At 530, the graph state data management apparatus sequentially writes the ordered data blocks obtained after the data compression into a data file in the file storage system, where the data file includes each ordered data block obtained after the data compression and a metadata block. Metadata in the metadata block records a mapping relationship between the first file offset address corresponding to the key and a second file offset address of the compressed ordered data block in the data file.

It should be noted that the mapping relationship recorded in the metadata may be a many-to-one mapping relationship or a one-to-many mapping relationship, that is, a plurality of first file offset addresses correspond to one second file offset address, or one first file offset address corresponds to a plurality of second file offset addresses. For example, in the data writing process shown in FIG. 3, it is assumed that the values corresponding to 01 and 12 are constructed into data block 1 (block 1), and the value corresponding to 15 is constructed into data block 2 (block 2), and the value corresponding to 23 is constructed into data blocks 3 and 4 (block 3 and block 4). In this case, in the metadata, a mapping relationship is formed between the second file offset address of block 1 in the data file and each of the first file offset address offset1 corresponding to 01 and the first file offset address offset2 corresponding to 12, a mapping relationship is formed between the first file offset address offset3 corresponding to 15 and the second file offset address of block 2 in the data file, and a mapping relationship is formed between the first file offset address offset4 corresponding to 23 and the second file offset addresses of block 3 and block 4 in the data file.

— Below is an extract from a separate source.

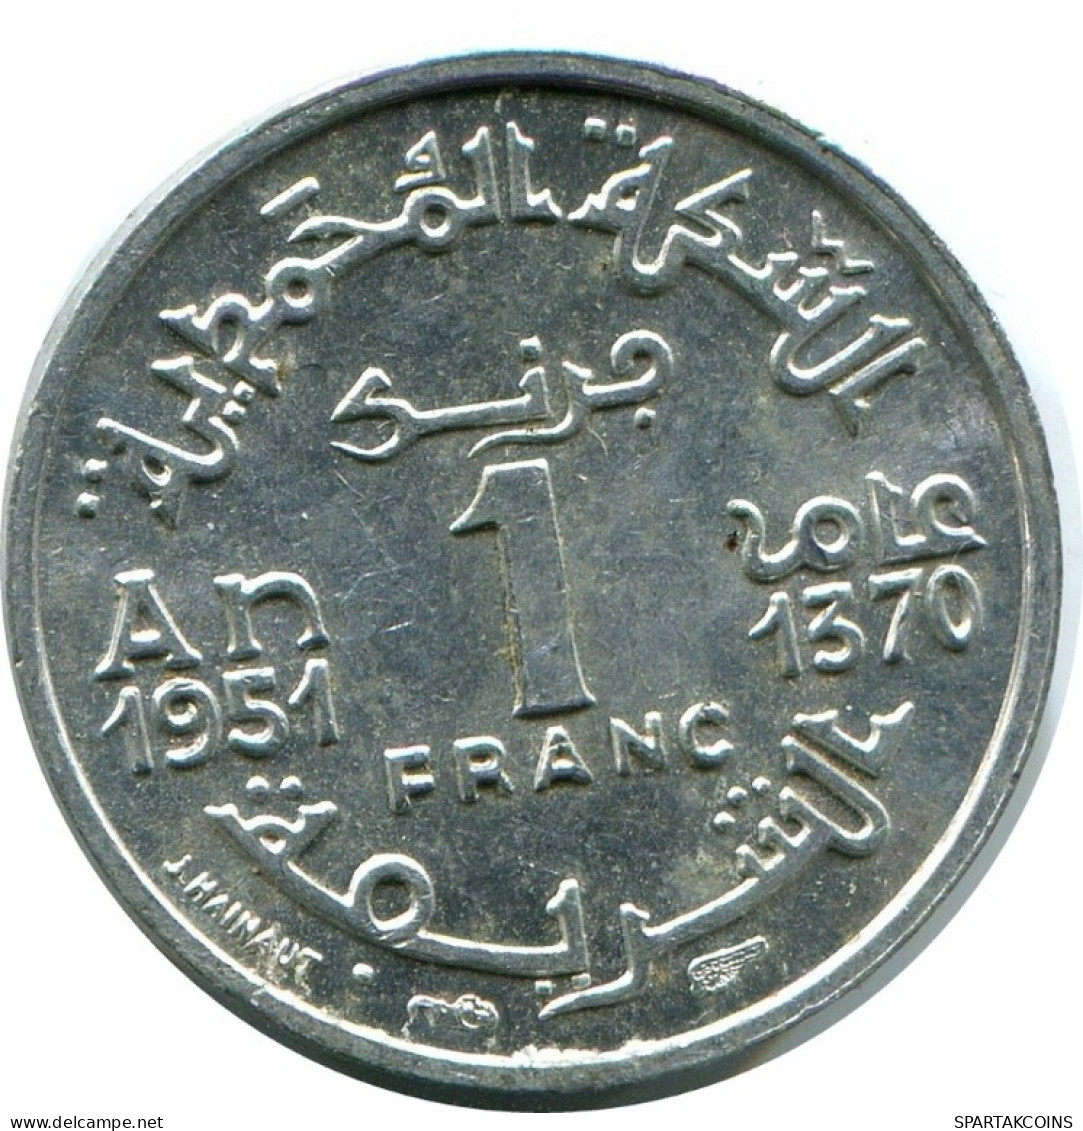 1 FRANCS 1951 MOROCCO Mohammed V Coin #AH920.U.A - Maroc
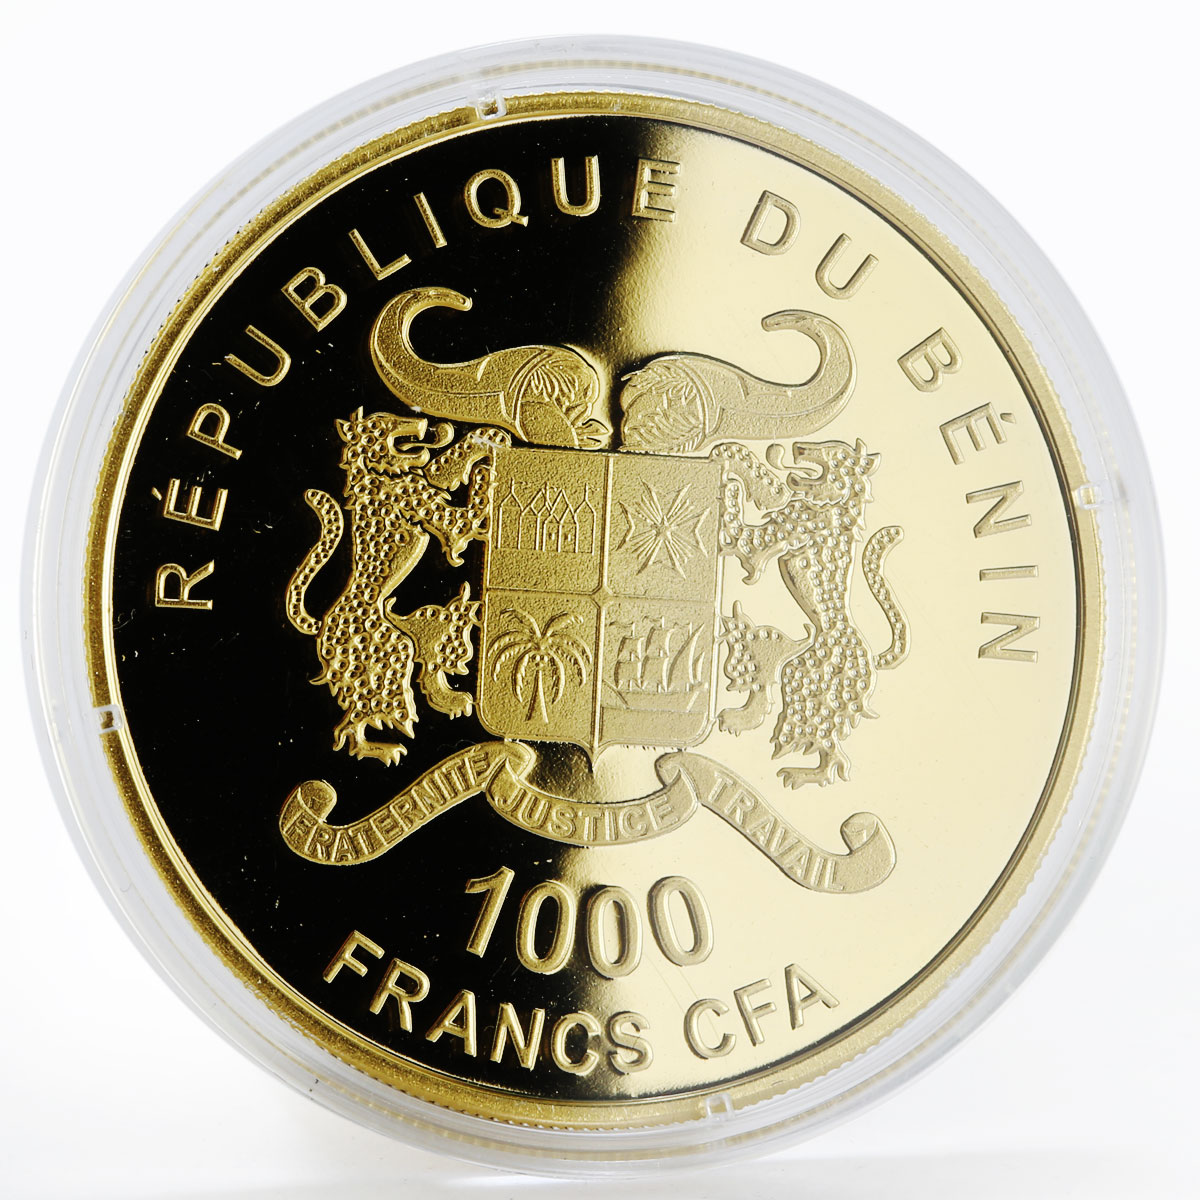 Benin 1000 francs Viktor Tsoy gilded proof silver coin 2020

FIG. 6 is an example schematic diagram of a data file into which graph state data is written according to an embodiment of this specification. As shown in FIG. 6, the data file includes some ordered data blocks obtained after the data compression (e.g., data block 1, data block 2, . . . , and data block n) and a metadata block. Each ordered data block stores a value corresponding to a key and is stored in order in the data file. Each ordered data block can store values corresponding to one or more keys. In addition, a value corresponding to one key can alternatively be stored in two or more adjacent ordered data blocks. The metadata block is stored at the end of the data file.

FIG. 7 is another example flowchart of a graph state data writing method 700 according to an embodiment of this specification. In the example of FIG. 7, the memory of the graph state management device maintains a mutable data table (mutable table) and an immutable data table (immutable table). The kv data can be continuously written into the mutable table. The data stored in the immutable table and the data sorting (data storage order) are locked and do not change. That is, the kv data is not allowed to be written into the immutable table.

As shown in FIG. 7, at 701, after the graph state data is acquired in batches from the graph computing engine, the graph state data management apparatus can use the above-mentioned data encoding method to encode each piece of graph state data in the acquired graph state data into kv data.

At 702, the graph state data management apparatus writes the encoded kv data into the mutable table. Specifically, it is determined whether there is an idle mutable table in the memory of the graph state management device. If there is an idle mutable table in the memory of the graph state management device, the graph state data management apparatus writes the encoded kv data into the idle mutable table. If there is no idle mutable table in the memory of the graph state management device, the graph state data management apparatus creates a new mutable table in the memory, and then writes the encoded kv data into the new mutable table. Here, the mutable table is equivalent to a segment of memory space in the memory. In an example, the mutable table can be created one by one. In another example, a plurality of mutable tables can be created at one single time, and the encoded kv data can be concurrently written into the plurality of mutable tables.

At 703, the graph state data management apparatus determines whether a mutable table into which the kv data is written reaches a threshold, for example, 64M. If the threshold is not reached, the graph state data management apparatus returns to step 702 to continue writing the kv data. If the threshold is reached, at 704, the graph state data management apparatus sorts the kv data in the mutable table based on the key, to form the kv list data, thereby ensuring that data aggregation is implemented for vertex data with the same vertex ID or edge data with the same edge start ID in the mutable table.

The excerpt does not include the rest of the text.